II. Рабочий и барчук


   Две недели спустя, в воскресный день, обе семьи, — Динклей и Бальрихов, — возвращались полем из Бейтендорфа, где состоялись крестины новорожденного ребенка Малли. Они направились прямо в закусочную и принялись за вино, а мать кормила младенца грудью. За длинным столом родственники сидели пока одни. Когда стали появляться другие посетители, они уже отобедали и посуда была убрана. Двоюродный дед Геллерт, похожий на скелет в черном сюртуке, усмехаясь в свою козью бородку, притопывая и хлопая в ладоши, пустился в пляс вокруг своей племянницы Лени. Он уверял, что видел точно такой же танец на чужбине.
   Правда, потом он, пыхтя и отдуваясь, в изнеможении повалился на скамью. Среди шума, стоявшего в закусочной, Карл Бальрих тревожно следил за стариком; тот покачивался из стороны в сторону, и глаза его по-старчески стекленели. Внезапно, взглянув на него в упор, Бальрих шепотом спросил:
   — Дядя, а что это за история была тогда у тебя с Геслингом? Помнишь?
   Геллерт бессмысленно уставился на племянника.
   — Тогда? — повторил он.
   Бальрих уверенно кивнул:
   — У тебя… и ты знаешь, с кем.
   Бальрих решил непременно выяснить, что крылось за недавней болтовней старика: «Ведь я бы мог нынче сидеть на его месте!» Наверно, просто врал, старый бездельник, — твердил себе Бальрих всякий раз, когда ему приходили эти слова на память. И все же они приходили. Теперь он ждал, чтобы старик сам все выложил. Эта минута настала. Геллерт будто очнулся и с дрожью в голосе спросил:
   — А разве я чего-нибудь проболтался?
   — Ты уже сказал слишком много, — отрезал Бальрих, — валяй до конца.
   — Неужели кто-нибудь узнал?
   — От меня-то ни один человек не мог узнать. Но если ты со мной не будешь откровенен…
   Старик торопливо закивал.
   — Уж лучше ты, чем другие. Ты самый толковый. А от твоего дядюшки мало было проку.
   — Мне это отлично известно, — резко ответил Бальрих. Он отнюдь не чувствовал расположения к родственникам, которым, подобно его дядюшке, хоть он и прожил на свете семьдесят лет, не только нечего было оставить своим племянникам, но они еще сами сели им на шею. Да и эта пляска вокруг Лени покоробила его.
   Старик испуганно заморгал. Из страха перед племянником он решил плюнуть на всякую осторожность.
   — Да разве я мог… тогда предвидеть, — начал он. — Представь, что есть у тебя старинный друг, боевой товарищ, с которым ты делишь все: твой матрац — его матрац, твоя вошь — его вошь, и даже наши жалкие пфенниги лежат в одной копилке. Порой в ней бывали впрочем, и талеры. И вот когда один из друзей надумал обосноваться в одном городке, заняться своим ремеслом и стать мастером, другой, уезжая, до своего возвращения оставляет ему свои талеры.
   — И это был ты?
   — Видит бог, я.
   — Кому ты оставил талеры — старому Геслингу?
   — А тому, кто их хапнул. Понял? — шепотом сказал Геллерт.
   Бальрих пожал плечами.
   — Интересно, целы они были бы у тебя сейчас?

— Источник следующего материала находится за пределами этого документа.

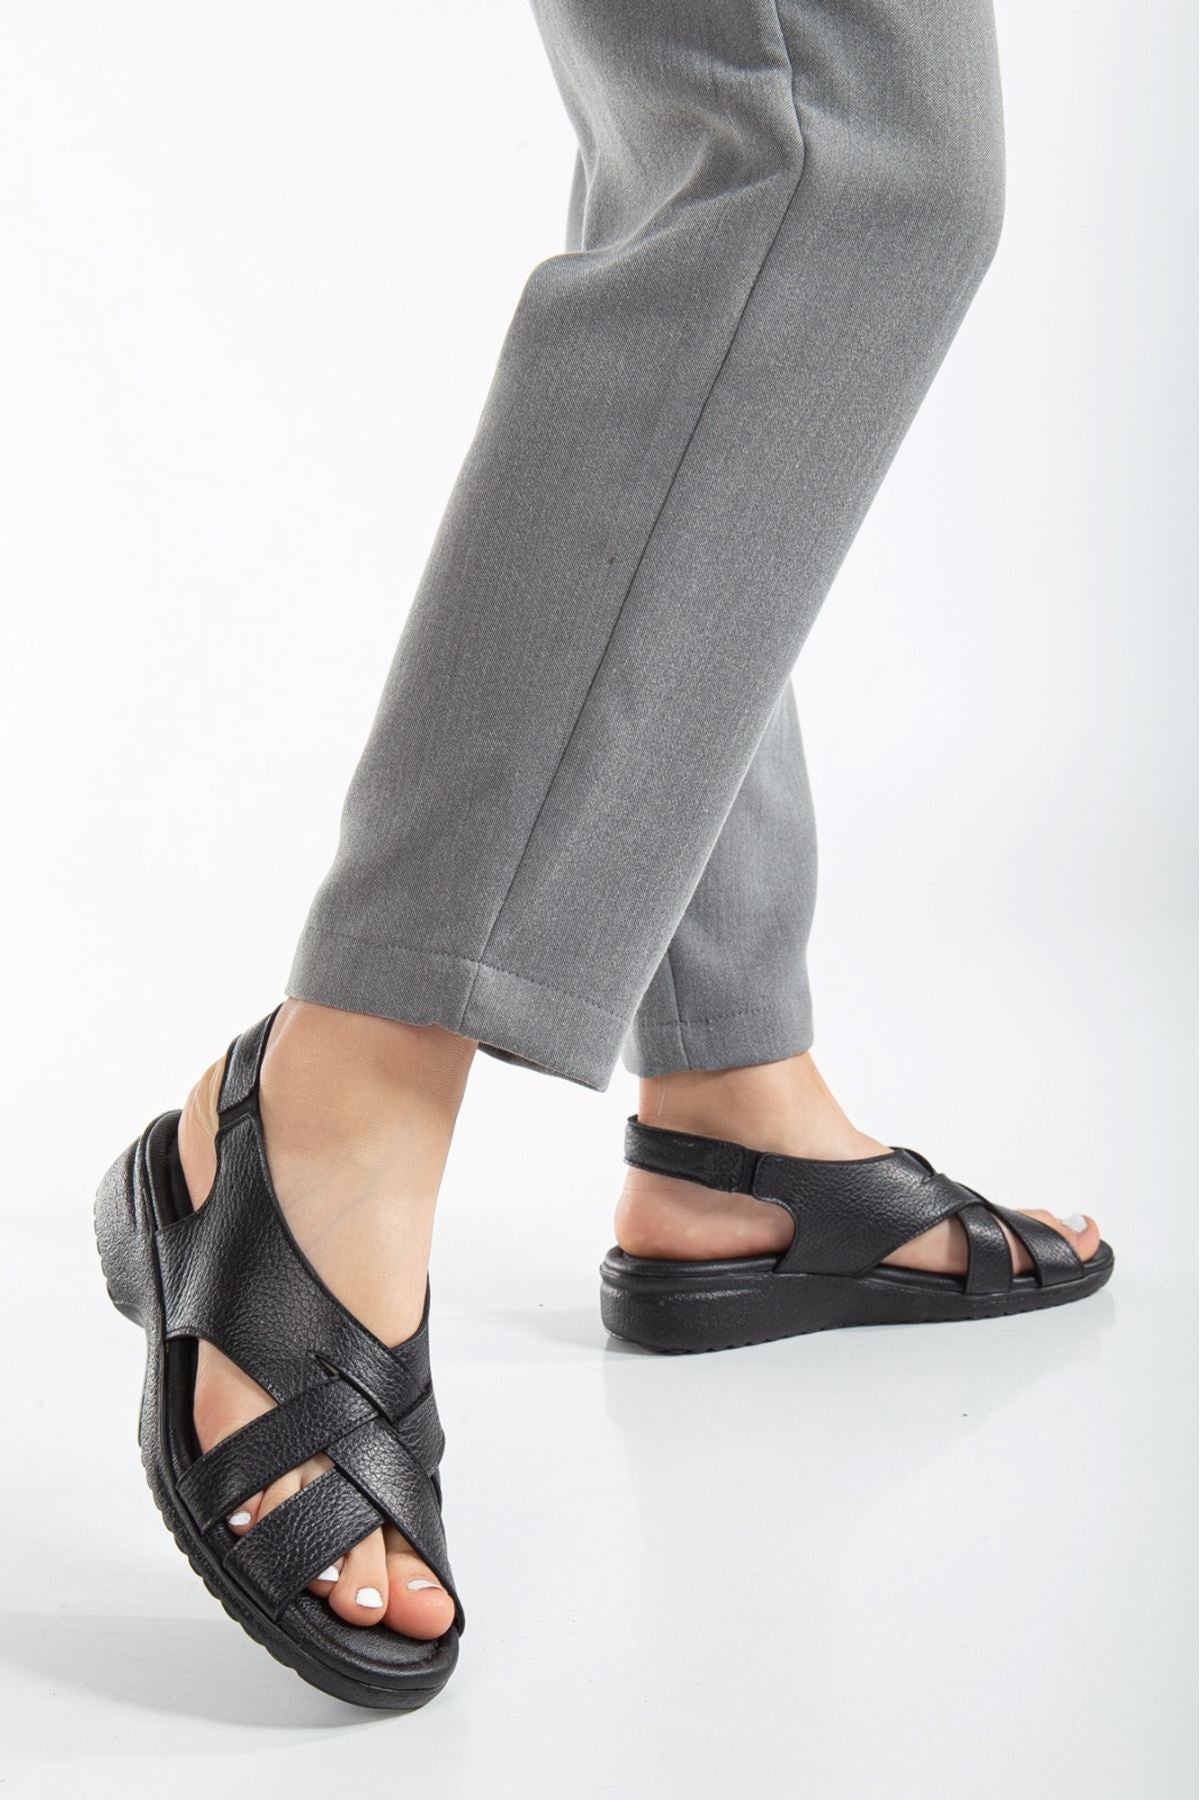 Women's Cross Genuine Leather Black Orthopedic Sole Sandals - STREETMODE ™
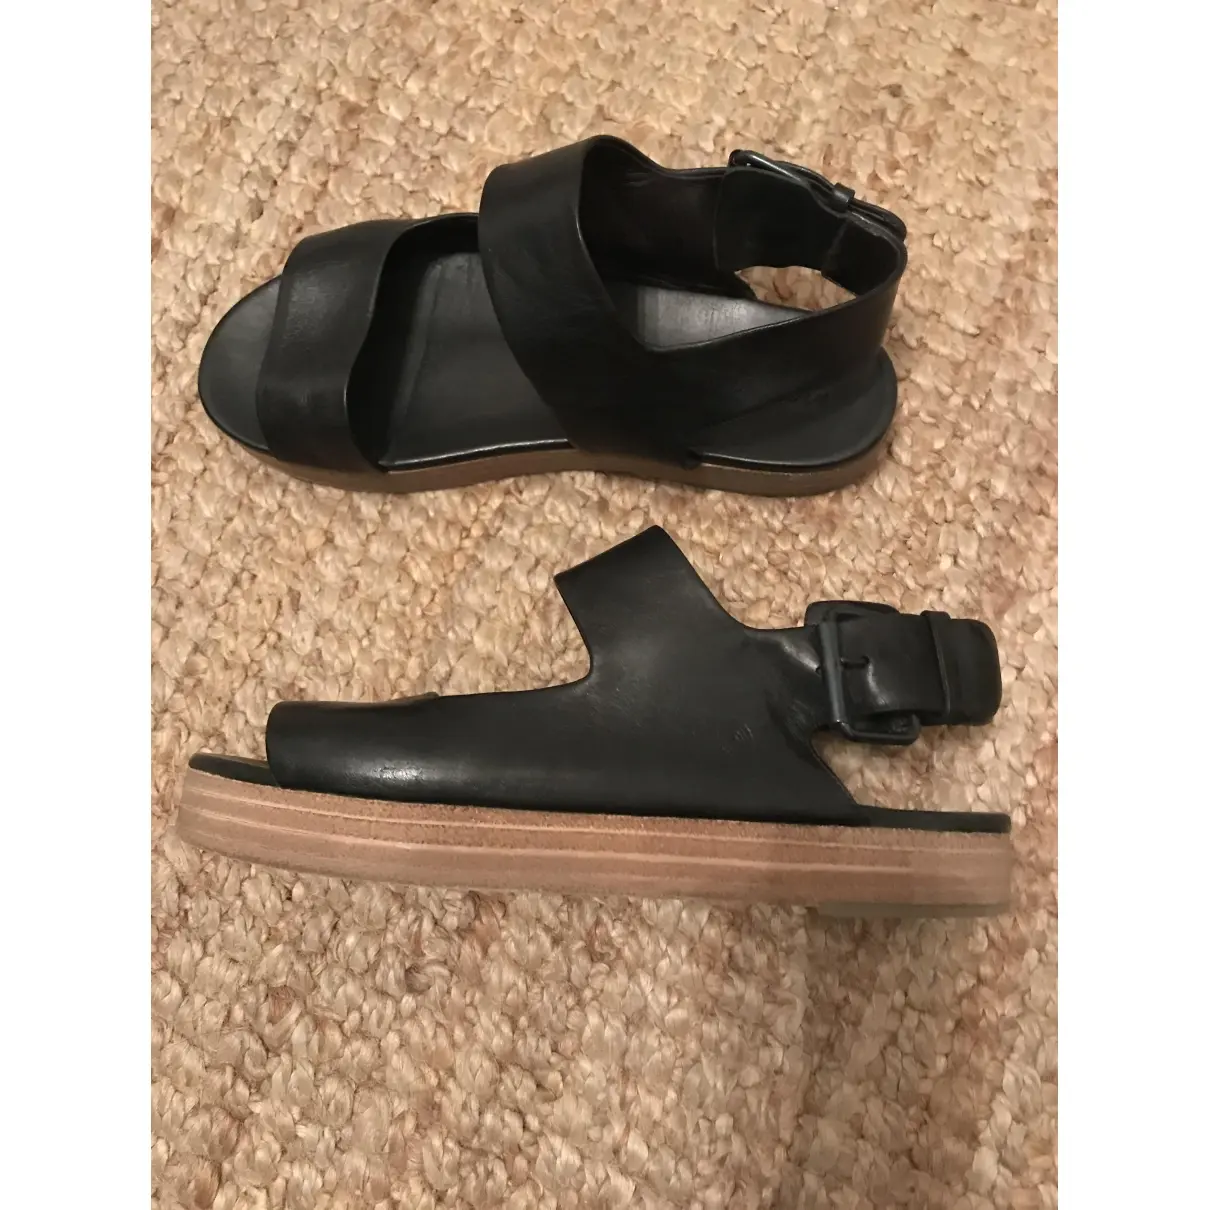 Buy Marsèll Leather sandal online

   Тут старик, вспылив, ухватился за край стола и завопил фистулой:
   — Не талеры были бы у меня нынче, а моя доля доходов, вот что!
   Едва эти слова вырвались у Геллерта, как он испуганным взором обвел всех присутствующих. Но среди шума и разговоров никто его не слышал. Бальрих сердито отвернулся. Нужда была допытываться, старик несет явный вздор!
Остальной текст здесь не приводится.